Esse monstro não era como a maioria dos que eu tinha visto. Não era vampiro, lobisomem, bruxa ou qualquer outra criatura horrenda como a dos livros. Esse era um monstro que parecia com o papai. Não que ele fosse totalmente idêntico: os seus olhos eram vermelhos como os do papai nunca foram. Além disso, uma enorme poça de suor estava marcando sua camiseta em volta do pescoço e uma veia saltava de sua jugular. Apesar de parecer o papai, aquele mostro nunca poderia se fazer passar por ele. Sua expressão, que era de raiva, ódio e rancor, se contrastava com aquela que eu estava acostumado a ver: calma, tranquila e equilibrada.        
O monstro estava sentado em silêncio com um copo vazio na mão e uma garrafa com um enorme número 51 no rótulo em sua frente. Quando largou o copo e ficou em pé percebi que na outra mão ele segurava um cinto de couro marrom igualzinho àqueles que meu pai usava quando saía para trabalhar.           
Caminhou com frieza até o outro lado da sala, onde percebi que mamãe estava.
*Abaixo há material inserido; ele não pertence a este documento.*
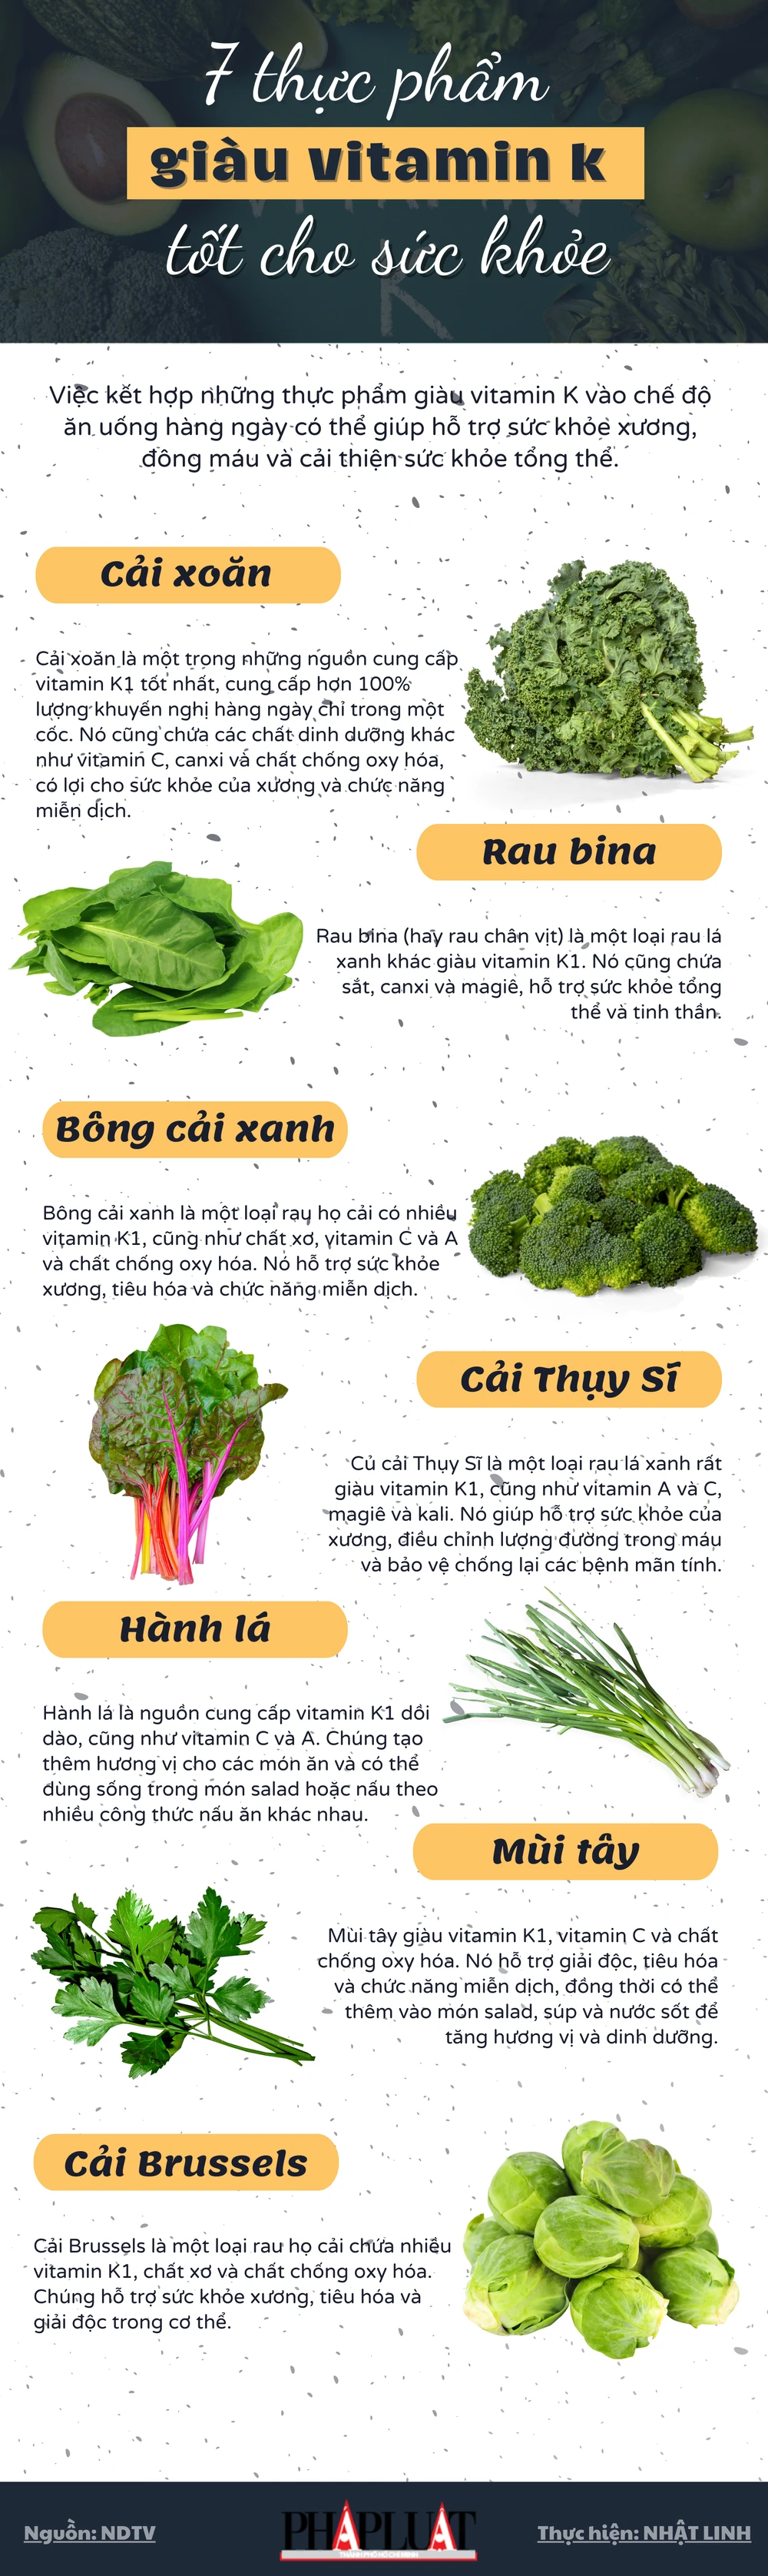 7 thực phẩm giàu vitamin K tốt cho sức khỏe

Ela ficou imóvel, encolhida, acuada... Como o nosso cachorrinho Budy ficava quando papai brigava com ele por ter feito xixi no lugar errado. Seus olhos estavam imóveis e arregalados.  
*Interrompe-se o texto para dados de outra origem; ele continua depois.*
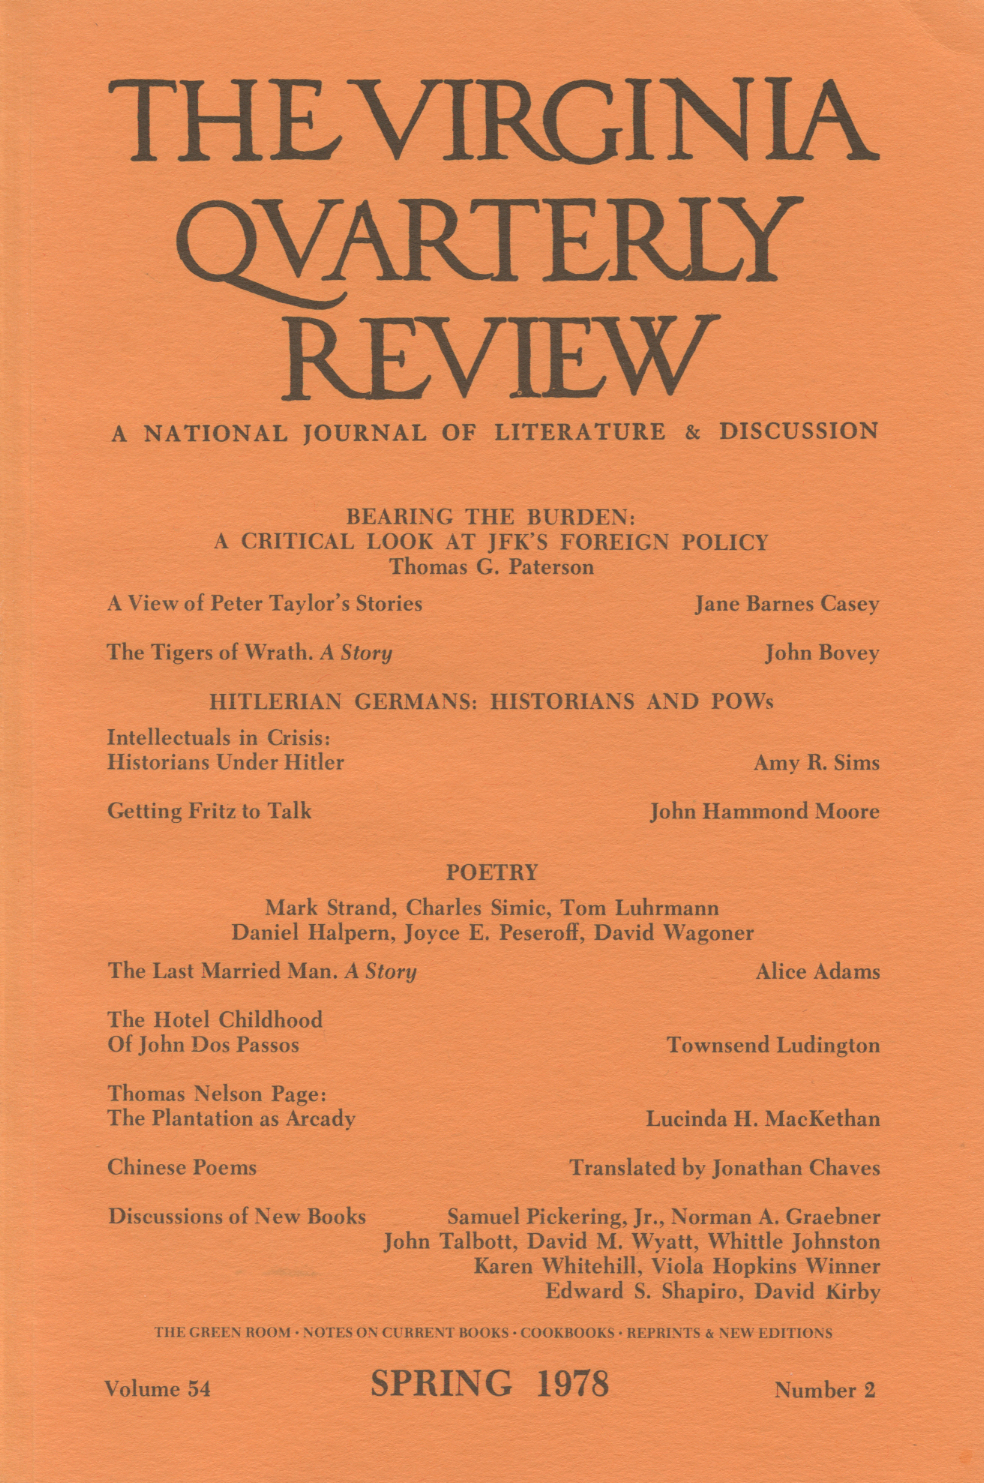 Virginia Quarterly Review, Spring 1978 cover

Ele levantou a mão que ainda segurava o sinto na direção dela e fez um movimento rápido. Meu susto foi tão grande que fechei os olhos. A única coisa que sei sobre aquele gesto é que ele fez o barulho se repetir. E ele se repetiu, repetiu e repetiu. Entre um movimento e outro eu escutava apenas o choro baixinho de mamãe, que entre soluços murmurava algumas palavras. "Monstro... O que eu te fiz?... Por favor..."          
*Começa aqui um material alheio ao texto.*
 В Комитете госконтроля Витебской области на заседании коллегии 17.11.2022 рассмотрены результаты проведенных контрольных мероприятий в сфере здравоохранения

Voltei rápido para meu quarto. Fechei a porta e fui para a cama, torcendo para que ele não me encontrasse. Fiquei quietinho no escuro escutando aquele barulho por mais algum tempo, até que ele finalmente parou. O silêncio se tornou absoluto pelo que me pareceu uma eternidade, e acabei pegando no sono de novo.          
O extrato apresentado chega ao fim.